Article commemorates statesman with county ties

A new article on WyoHistory.org pays tribute to a Wyoming pioneer and statesman for whom several prominent Sweetwater County landmarks are named, the Sweetwater County Historical Museum said on Saturday.

In 1873, brothers William A. Richards and Alonzo V. Richards were contracted to survey the southern border of Wyoming Territory.

The following year, William Richards received a second commission - to survey the territory’s western border. The story of that expedition, “‘The Roughest Mountains & Deepest Cañons:’ William Richards and the Boundary Survey of 1874,” by Lucia McCreery, by can be found at the WyoHistory.org website.

Among the Richards namesake landmarks in southern Sweetwater County are Richards Spring, Richards Mountain, and Richards Gap on the Wyoming-Utah border, through which the Clay Basin Road passes.

In 1889, William Richards was appointed Surveyor General for Wyoming.

Elected Governor of Wyoming in 1894, he served for one term, until 1899.

In that year he was appointed Assistant Commissioner of the General Land Office by President Theodore Roosevelt and in 1903 he was promoted to Commissioner of the General Land Office, serving in that position until 1907.

In 1909 he was appointed as Wyoming’s first Tax Commissioner and in 1912 named a delegate to Australia for the United States Committee on Irrigation.

He died of a sudden heart attack in Melbourne in July of 1912, and was buried in Cheyenne.

While reviewing William Richards’s journal of his 1873 survey, museum staff noted the following passage:

“Line men left camp at sunrise to go East to canon which stopped us yesterday.
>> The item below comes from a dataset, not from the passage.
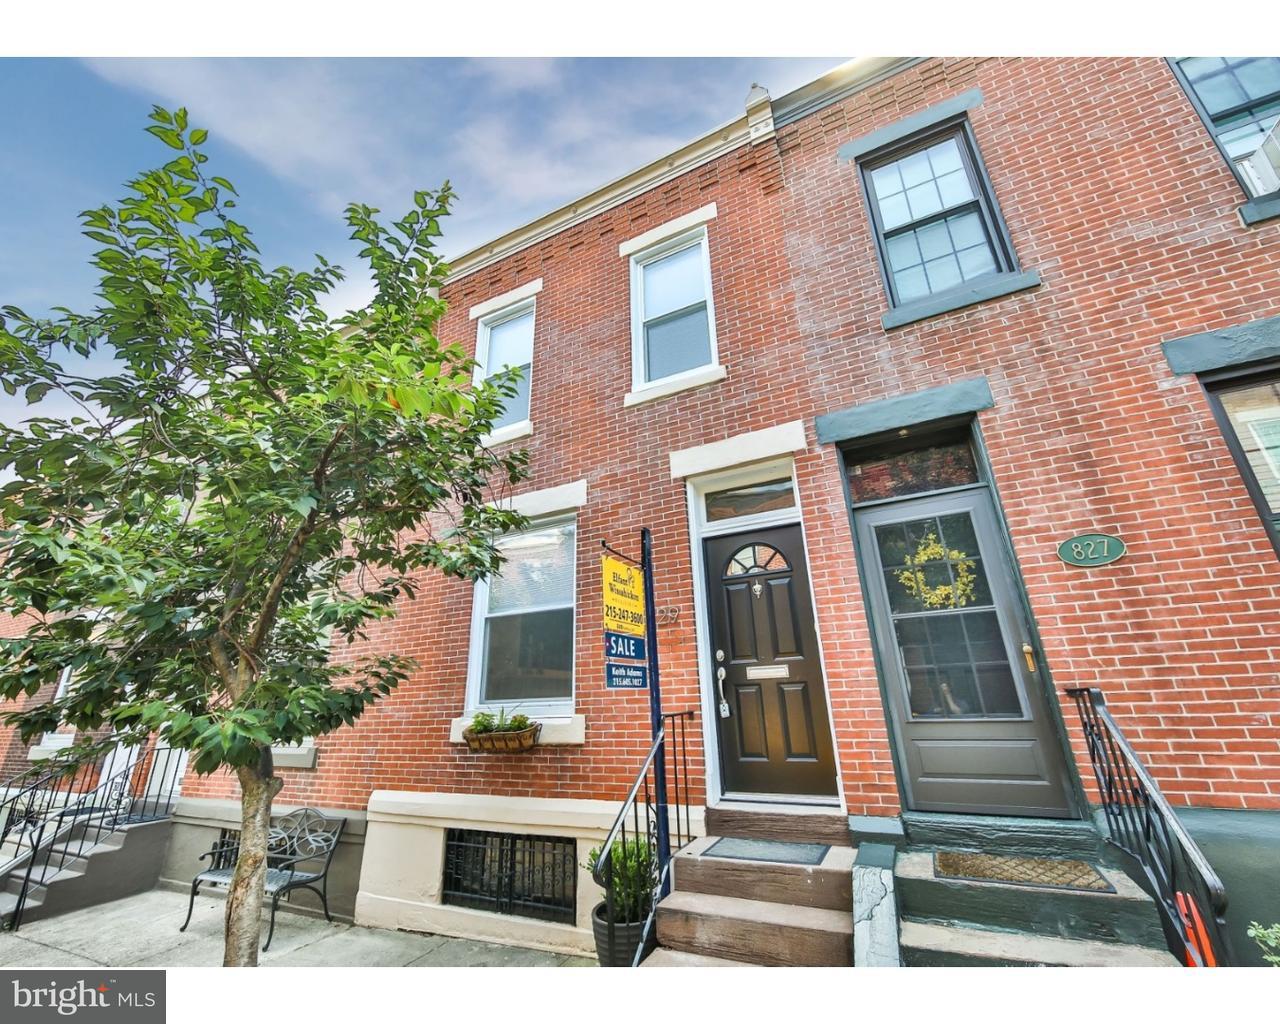 829 N. Taylor St Philadelphia, PA 19130

On the east side of the canon lies the scene of the great Diamond Excitement of last winter. Numerous claims are staked out but unoccupied. The country is wholly barren and the only hypothesis upon which diamonds could be expected would be that of the hunters’ coon dog—good for nothing else imaginable. These diamond fields are on the 251st and 2nd miles of our line, partly in Wyoming and partly in Colorado.”

Here Williams was referring to what is often called The Great Diamond Hoax of 1872, the story of swindlers Philip Arnold and John Slack, who, between 1870 and 1872, conned a group of prominent investors from both coasts out of about $650,000 (some $13 million in current currency) with the tale of a fabulous gem field straddling the Wyoming-Colorado border south of Rock Springs.

County Museum staff member Dick Blust’s article about the swindle, “The Diamond Hoax: a Bonanza That Never Was,” appears on the WyoHistory.org website.

Located at 3 E. Flaming Gorge Way in Green River, the Sweetwater County Historical Museum is open from 9 a.m. to 5 p.m., Tuesday through Saturday.

Admission is free.

The WyoHistory.org website, an encyclopedic source for articles about Wyoming history, is a project of the Wyoming State Historical Society.